If we measure social reality according to declared political objectives, it is then not too harsh a judgment to describe both the “left-wing” protagonists of the forthcoming “battle of the two camps” as European flops.  With the participation of the then SPD-Green chancellor Gerhard Schröder, the European Council resolved in Lisbon in December 2000 to make the EU “the most competitive and dynamic knowledge-based economy in the world, capable of sustainable economic growth with more and better jobs and greater social cohesion.”  That was the noble intention.  But what does the reality look like?

When young Europeans — who are becoming unemployed en masse — read this today, they are fully justified in being dubious about the powers of judgment of these statesmen.  When will the politicians of the German Unity Party grasp that an economic system that has profit and wealth maximization for a minority as its goal inevitably produces conditions such as we now observe in Europe?

Against this background it is a bad joke that the CDU/CSU, SPD, FDP, and Greens intend to put social justice at the heart of their “battle of the two camps.”
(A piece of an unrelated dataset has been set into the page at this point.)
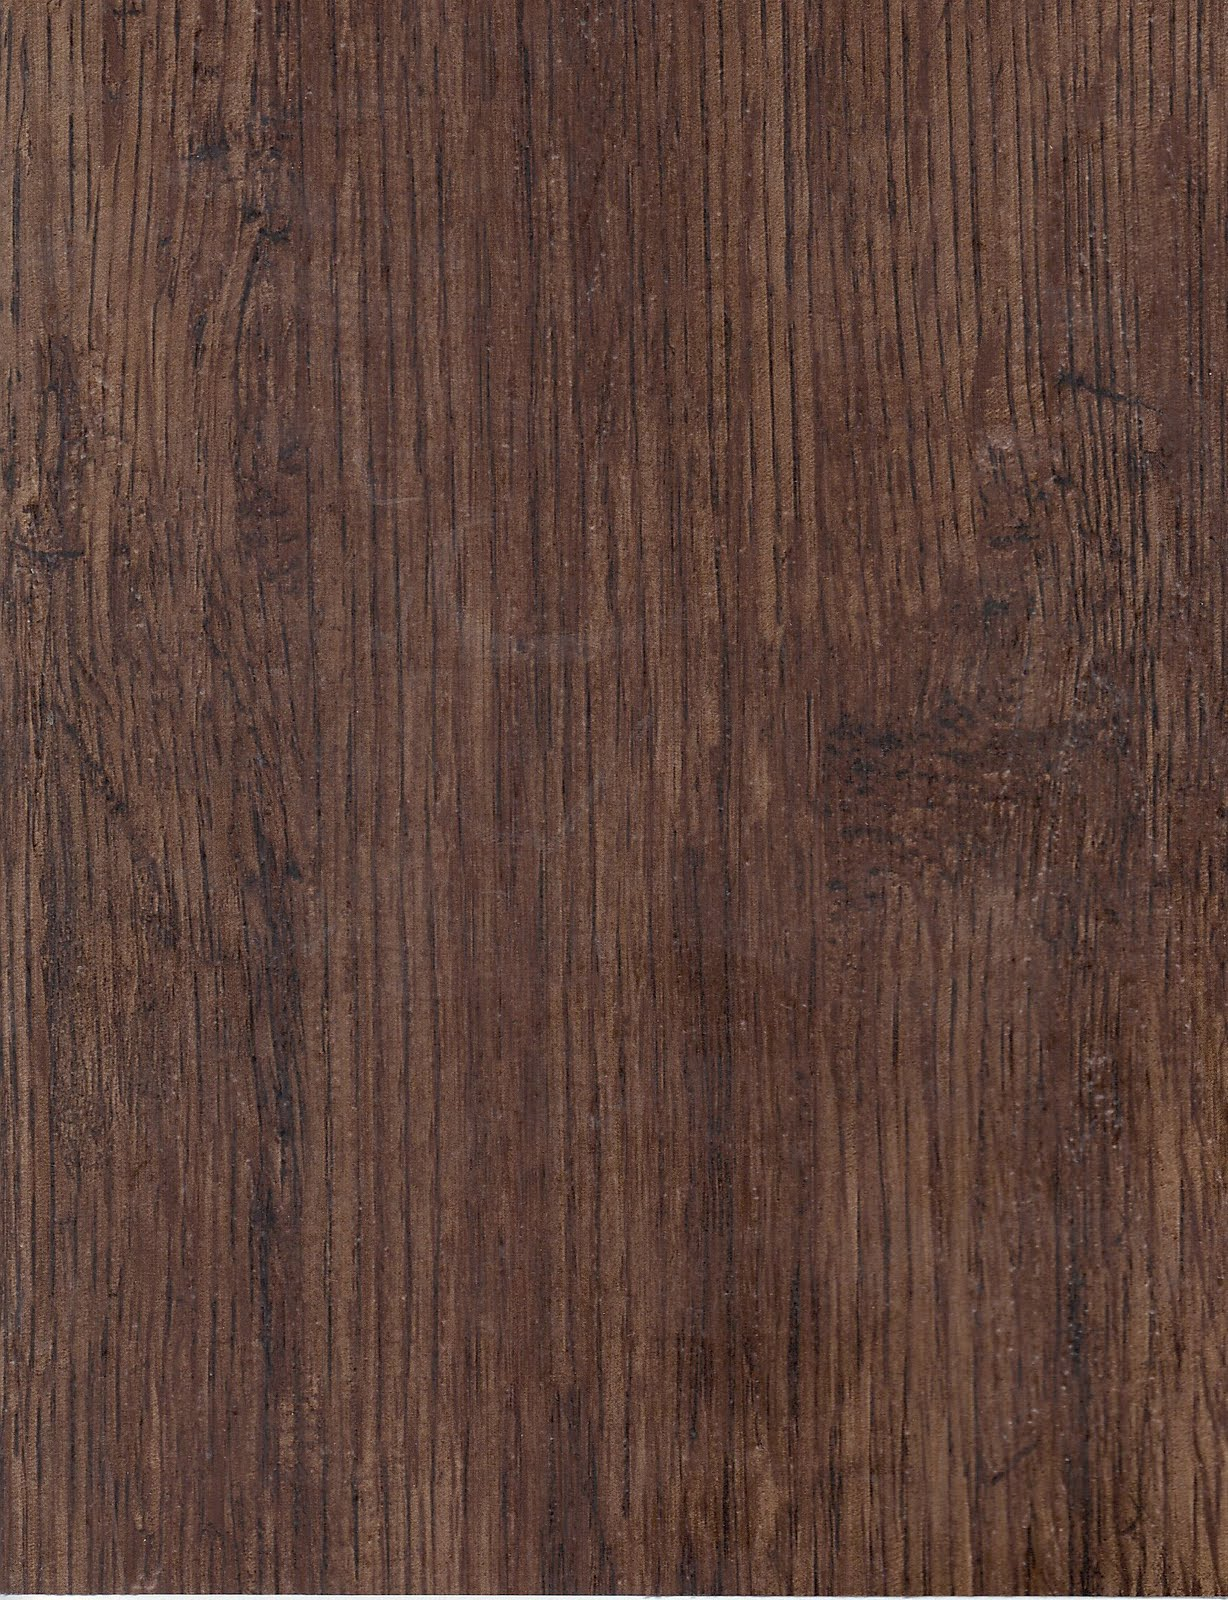 Wood Flooring Online: Vinyl Plank Flooring

Because it is inherent in the system, it is also logical that both “camps” have chosen so-called “wars for human rights” as the central instruments of their foreign policies.  In inimitable fashion Prince Harry captured the quintessence of the new era of German foreign policy on the front page of the Bild newspaper with his comment: “Take a life to save a life.  That’s what we revolve around, I suppose.”  It is telling in this regard that politicians from the SPD and Greens strongly criticized Merkel and Westerwelle for not letting Germany participate in NATO’s war on Libya.

Die Linke — and this is understood by the vast majority of its followers and members — has a right to exist and can compete successfully in the elections only if it does not become another wing of the Unity Party.  Die Linke’s unique selling point is its advocacy of an economic system in which everyone receives the full proceeds of their labor.  Such an economic system leads to democratic enterprises run by workers and not authoritarian economic structures with temporary work, contract work, low wages, and mini-jobs.  It leads to a peaceful foreign policy, which secures raw materials through negotiations and not with wars for human rights.

Against this background it is clear why the SPD and the Greens have for years now rebuffed Die Linke’s offers of cooperation.  The politicians of the German Unity Party stick together.  They reject structural reforms that would alter the ever more unequal distribution of wealth and opportunities in Germany.  The electoral programs of the SPD and the Greens, in which the proposals of Die Linke have been adopted in whole or in watered-down form, serve only as a disguise.  Voters are not to know that behind the proclamations there is no actual intent to implement them.  Yet as Franz Müntefering, the onetime great master of social democratic campaigns, said: It’s unfair to judge political parties after the election according to their campaign promises.

The fabricated battle of the two camps is a farce.  Voters will have a déjà vu experience.  After the election things will be the same in Germany as before the election, regardless which politicians or fractions of the German Unity Party form the government.  Astonishingly, representatives of German business are quietly indicating a preference for an SPD-Green coalition government.  The former head of the Federation of German Industry (BDI), Hans-Peter Keitel, recently said, “When a country needs to make political-economic reforms, it is better if the government does not have a political color that makes it suspect of favoring business.”


Oskar Lafontaine is a former co-chair of the Left Party.  The original article “Lagerwahlkampf” was published by junge Welt on 21 March 2013.  Translation by Sam Putinja.